4. A connection network as recited in claim 1 wherein said routing means comprises:

(a) first and second random-access storage means, operating in simplex for write-in and read-out of said bit-groups,

(b) second sequencing means synchronized by said time base for controlling write-in of said bit-groups into one of said first and second storage means,

(c) a central control unit for controlling said routing means, and for matching said outgoing and said incoming time slots,

(d) third random-access storage means for controlling read-out of one of said first and second storage means, said third storage means being controlled by said central control unit,

(e) second and third multiplexing means for simplex routing of said second sequencing means to one of said first and second storage means and for routing said third storage means to the other of said first and second storage means for a single time frame,

(f) third sequencing means synchronized by said time base for addressing said third storage means for read-out of one of said bit-groups,

(g) fourth multiplexing means for alternately routing to said third storage means addresses supplied by said third sequencing means and by said central control unit,

(h) fifth multiplexing means for alternately routing to said M routing means outputs said outputs of said first and second storage means,

(i) fourth sequencing means synchronized by said time base for controlling said second, third, fourth and fifth multiplexing means, and

(j) buffer register means provided one at the outputs of each of said second, third and fifth multiplexing means and at said inputs of said routing means.

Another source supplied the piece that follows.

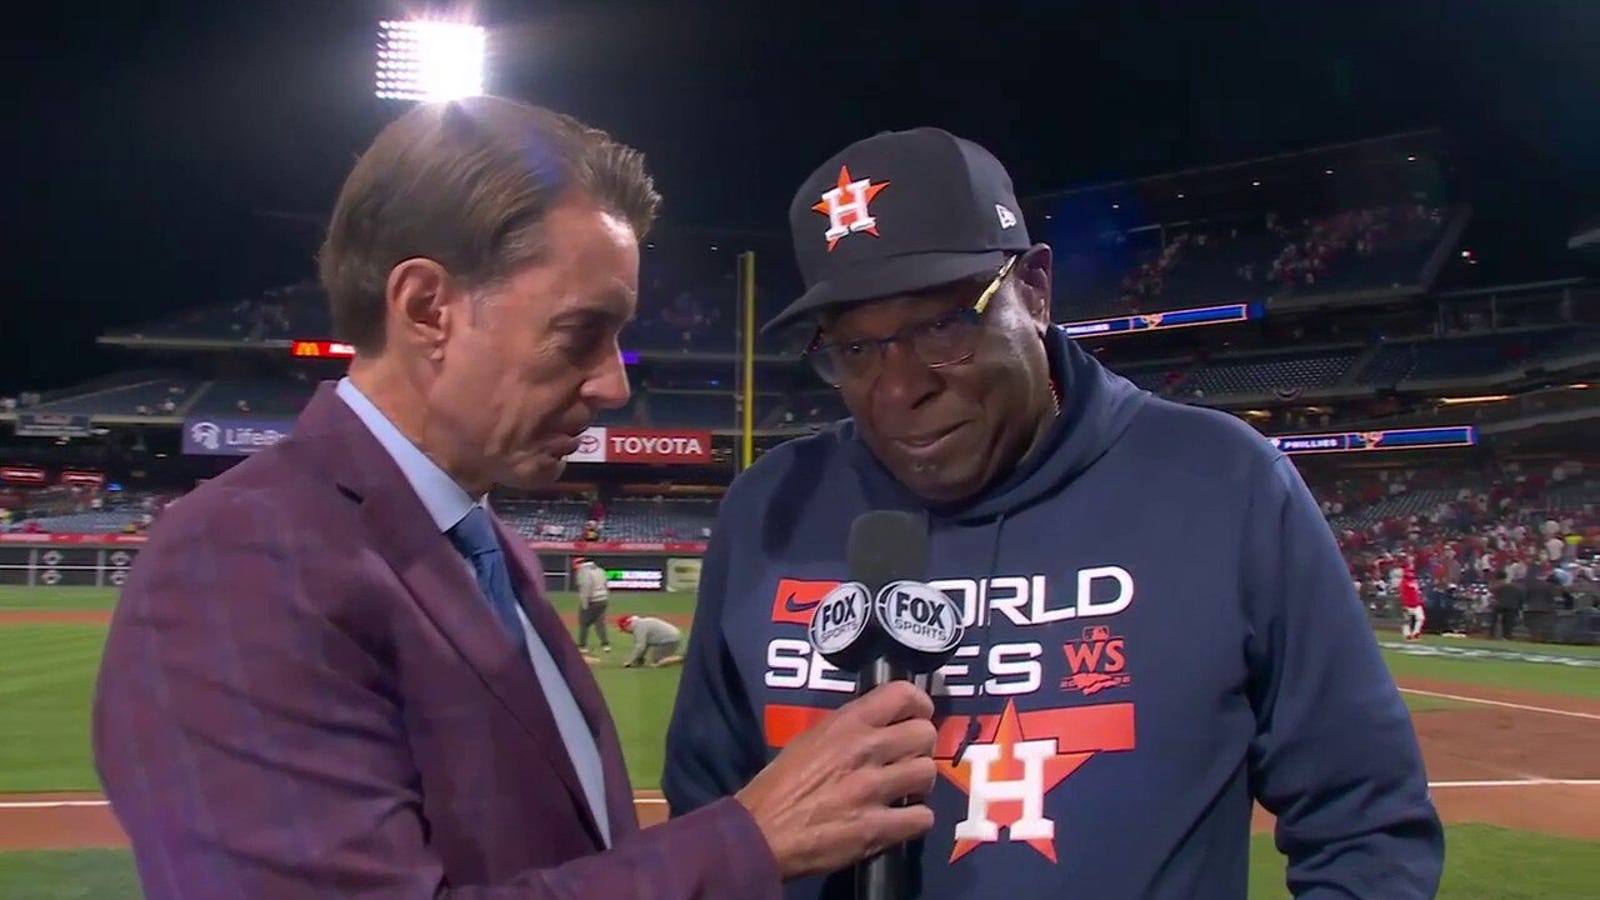 Dusty Baker on managing a no-hitter

5. A connection network as recited in claim 4 wherein said series-to-parallel means comprises:

(a) demultiplexing means for connecting said N incoming multiplex channels to one of two alternate paths and maintaining a connection for the duration of a bit-group,

(b) two groups of M shift registers in each group, each register having N positions therein and having N parallel inputs and a single series output, each of said groups of registers having its inputs connected to one of said two alternate paths of said demultiplexing means and having M outputs,

(c) first multiplexing means for alternately switching said M outputs of each of said register groups to said routing means, and

(d) first sequencing means synchronized by said time base means for controlling said register groups and said demultiplexing means for causing said register groups to operate in a simplex mode and for causing each of said registers to input a specific, corresponding one of said bits of said bit-group for each incoming multiplex channel.

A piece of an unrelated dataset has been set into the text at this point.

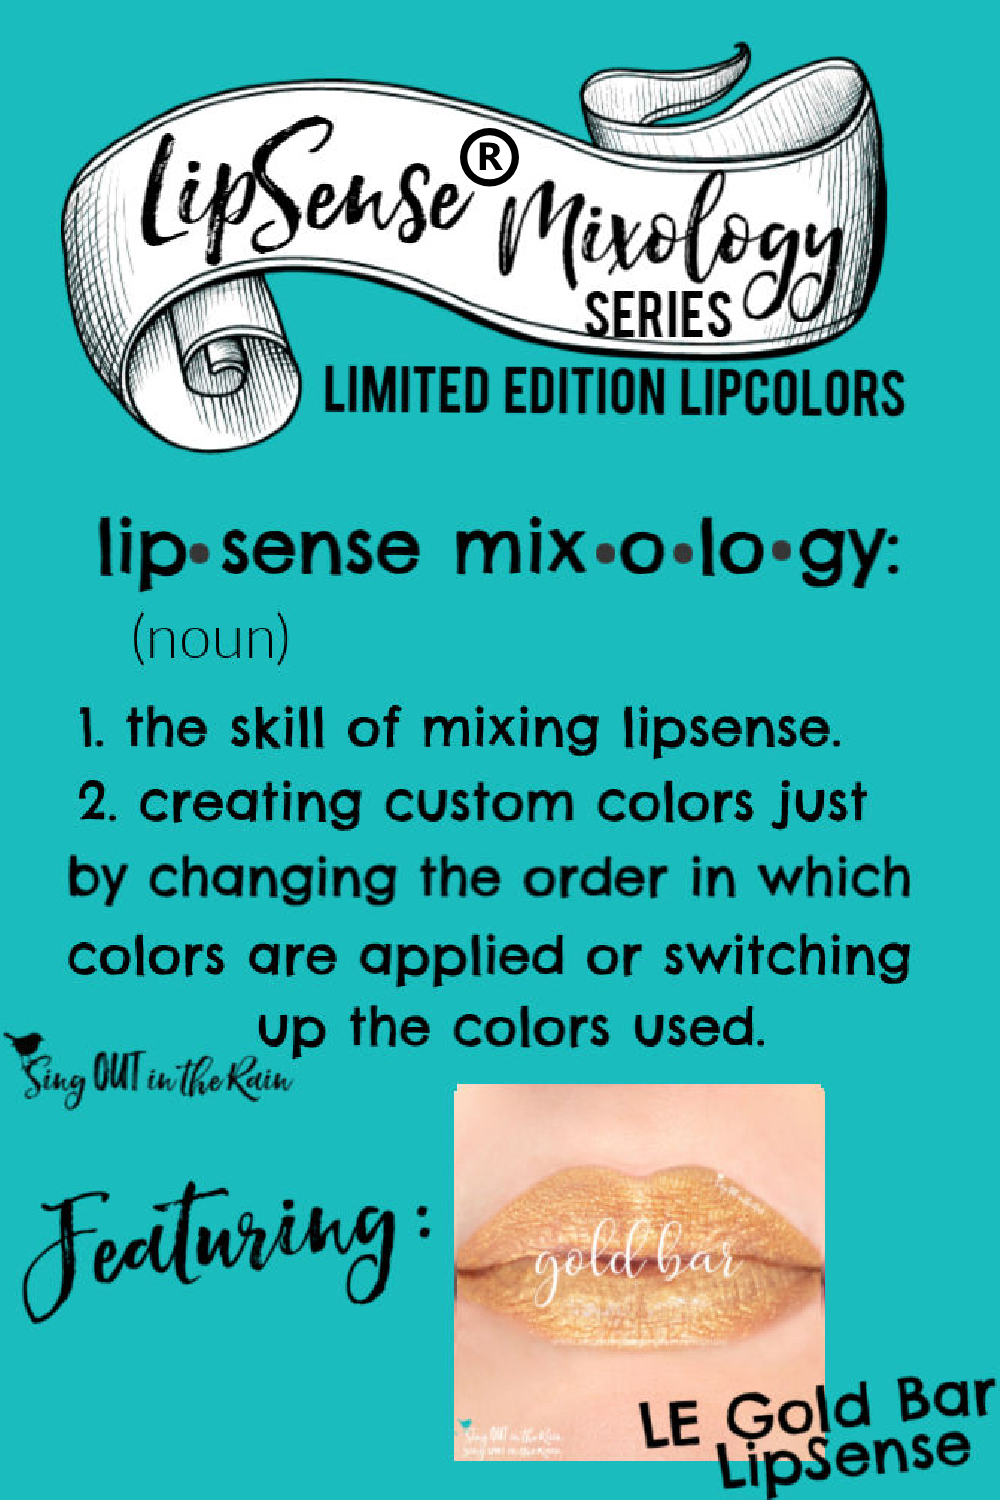 The Ultimate Guide to Gold Bar LipSense Mixology

6. A connection network as recited in claim 5 wherein said parallel-to-series converting means comprises:

(a) N parallel-to-parallel buffer registers each having M inputs and M outputs, each buffer input being connected to outputs of said routing means,

(b) fifth sequencing means synchronized by said time base means for controlling said buffer registers,

(c) N parallel-to-series shift registers each having M inputs and a single output, said M inputs of each of said parallel-to-series shift registers being connected to said M outputs of a specific one of said buffer registers, and

(d) sixth sequencing means synchronized by said time base means for controlling said parallel-to-series shift registers.

7. A connection network as recited in claim 6 wherein:

(a) M = 8 and N = 32,

(b) said first and second random-access storage means each contain 1024 8-bit bytes,

(c) said third random-access storage means contains 1024 11-bit addresses, and

(d) said first, second and third random-access storage means each have a maximum access time of 50ns.

8. A connection network as recited in claim 7 wherein said time base means produces 10,240 kHz pulses and, every 4 ms, a 100 ns resynchronizing pulse, and wherein each of said buffer register means comprises D-type bistable flip-flops having a dynamic input G, inputs to said buffer register means being enabled every 100 ns by said 10,240 kHz time base pulse.